Fig 5. Determining the “μ” and “η”.

(a) Fluorescence emission spectrum of AF488-VLA-4 (350 nM) alone when excited at 470 nm. The ratio constant “μ”, defined as the ratio of the emission signal at 570 nm to that at 520 nm of the AF488-VLA-4 emission spectrum was determined to be 0.128 ± 0.031. (b) Fluorescence emission spectra of AF546-VCAM-1 (850 nM) alone when excited at 470 and 520 nm. The ratio constant “η”, defined as the ratio of emission signal at 570 nm upon excitation at 470 nm to that at 570 nm when excited at 520 nm, was determined to be 0.143 ± 0.058. All the experiments were done in triplicate. The results are shown as arithmetic mean ± standard deviation.

Fig 6. Determination of Kd through quantitative FRET and SPR.

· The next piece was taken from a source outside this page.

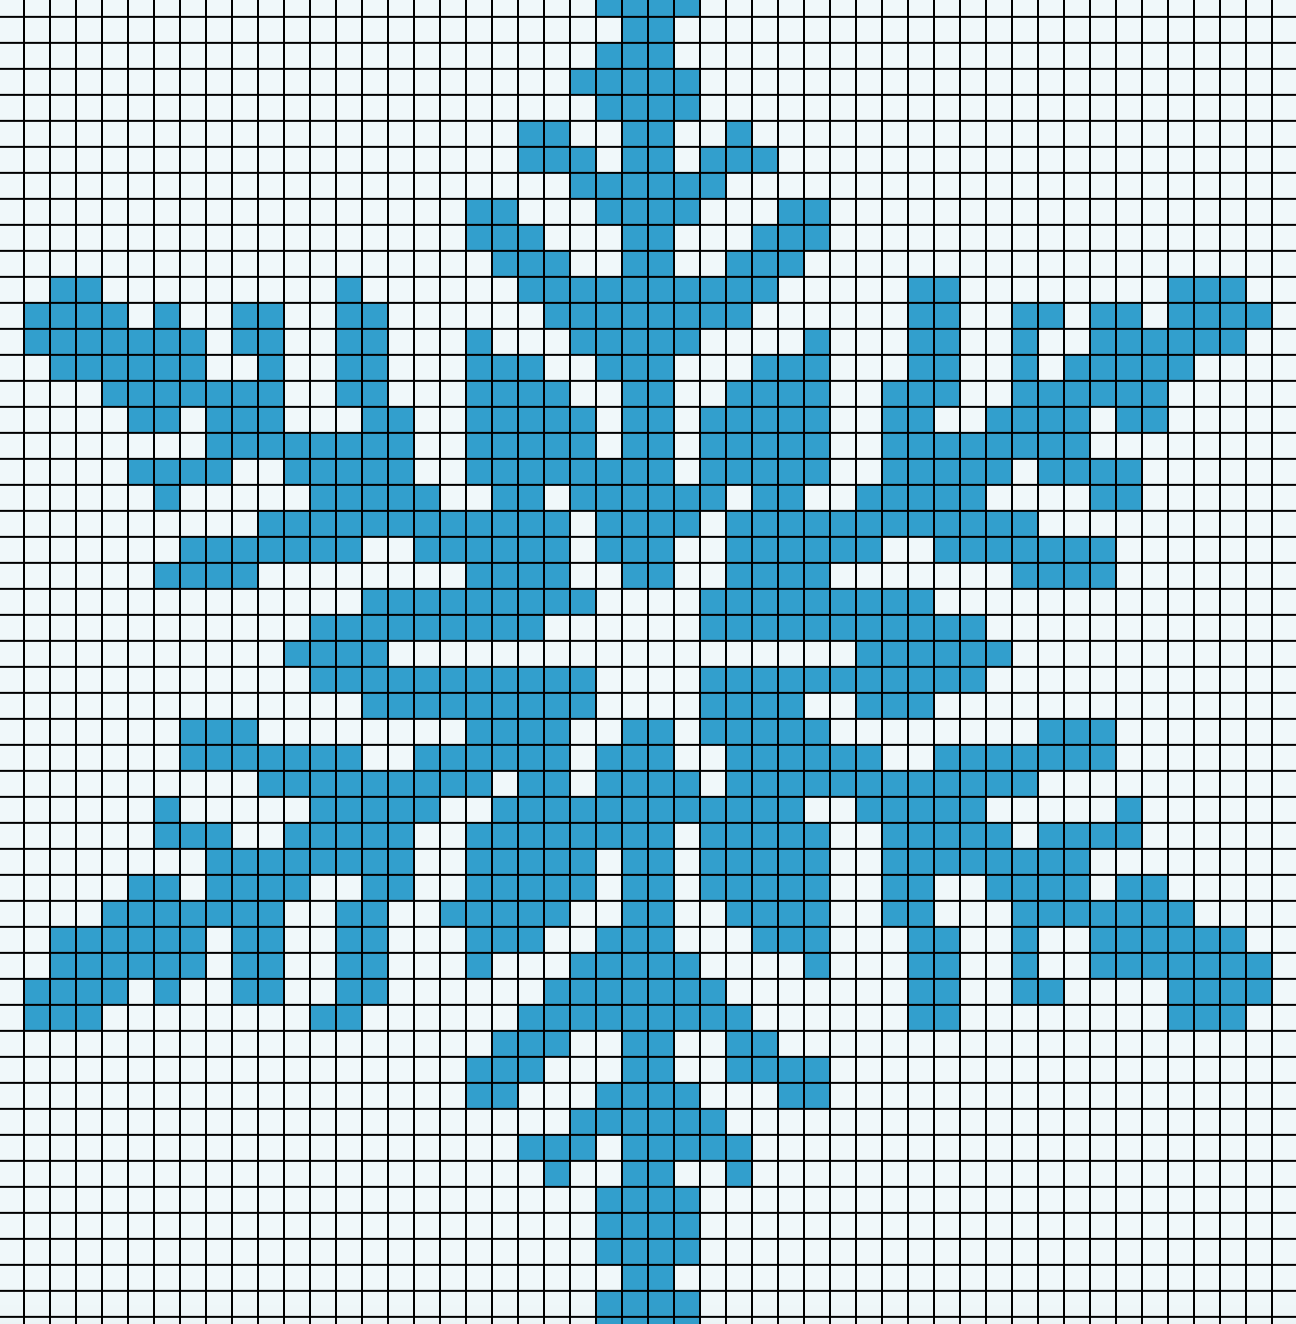 Описание вязания крючком красивой снежинки для новогодней ёлки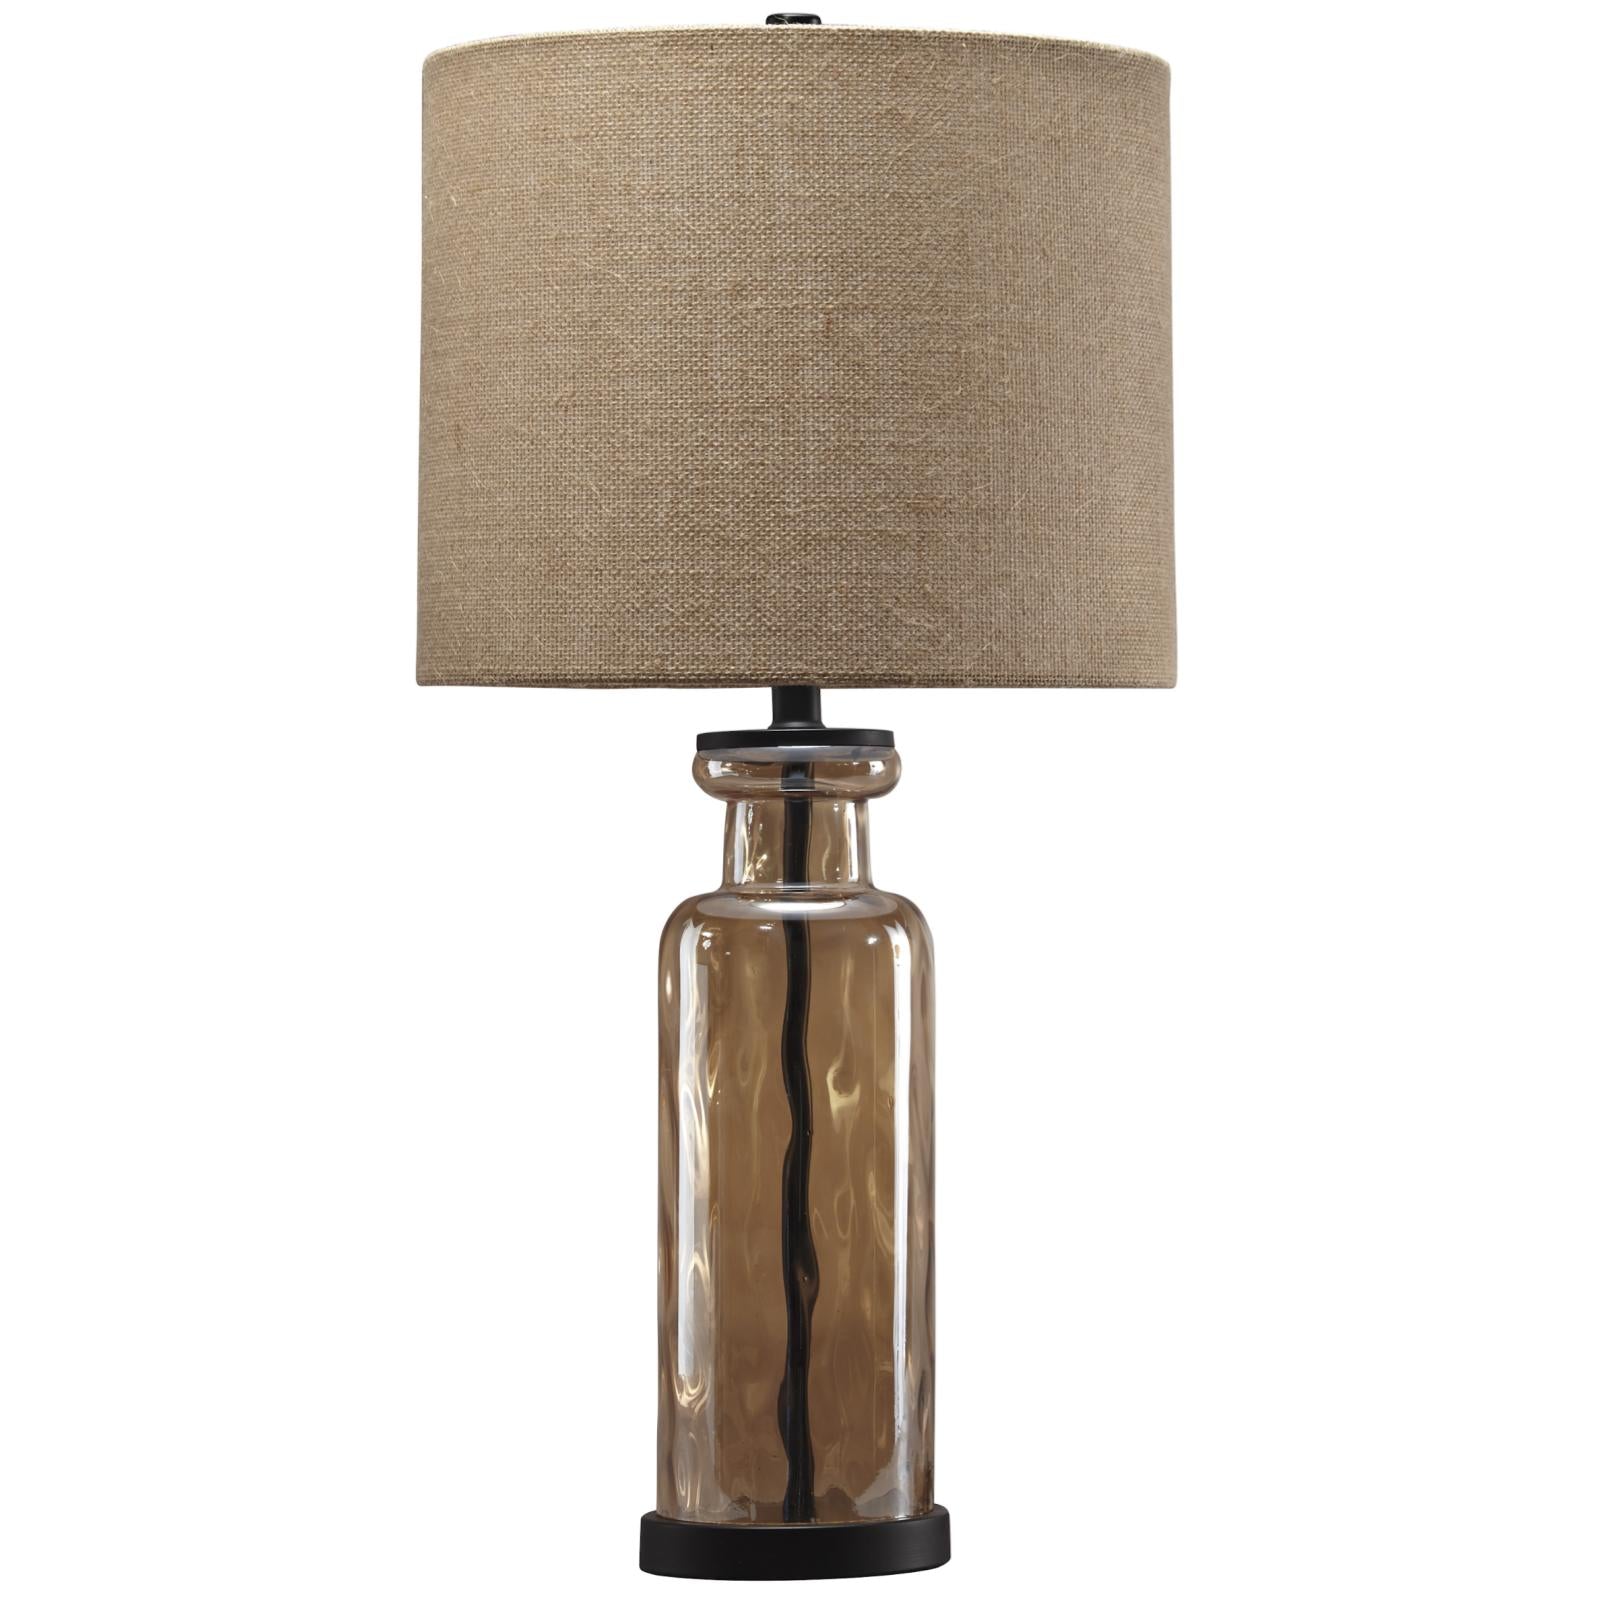 Laurentia Glass Table Lamp, Lamp, Ashley Furniture - Adams Furniture

(a) Curve fitting of the experimental data representing the absolute FRET emission signals (FRET_emission) with Equation (3). Each experiment was repeated three times under identical condition, and the error bar indicates the standard deviation; the results are shown as arithmetic mean ± standard deviation. The maximum FRET emission signal (maxFRET_emission) and the corresponding equilibrium dissociation constant (K_d) of the VLA-4/VCAM-1 interaction were determined to be 3184 RFU and 41.82 ± 2.36 nM, respectively. (b) Sensorgrams from the SPR sensor chip in BIAcore indicating the interaction of VCAM-1 (immobilized on the surface of the chip; details can be found in the text) with different concentrations (100, 150, 400, 450, to 500 nM) of VLA-4. The equilibrium dissociation constant (K_d) of the VLA-4/VCAM-1 interaction was determined to be 39.60 ± 1.78 nM.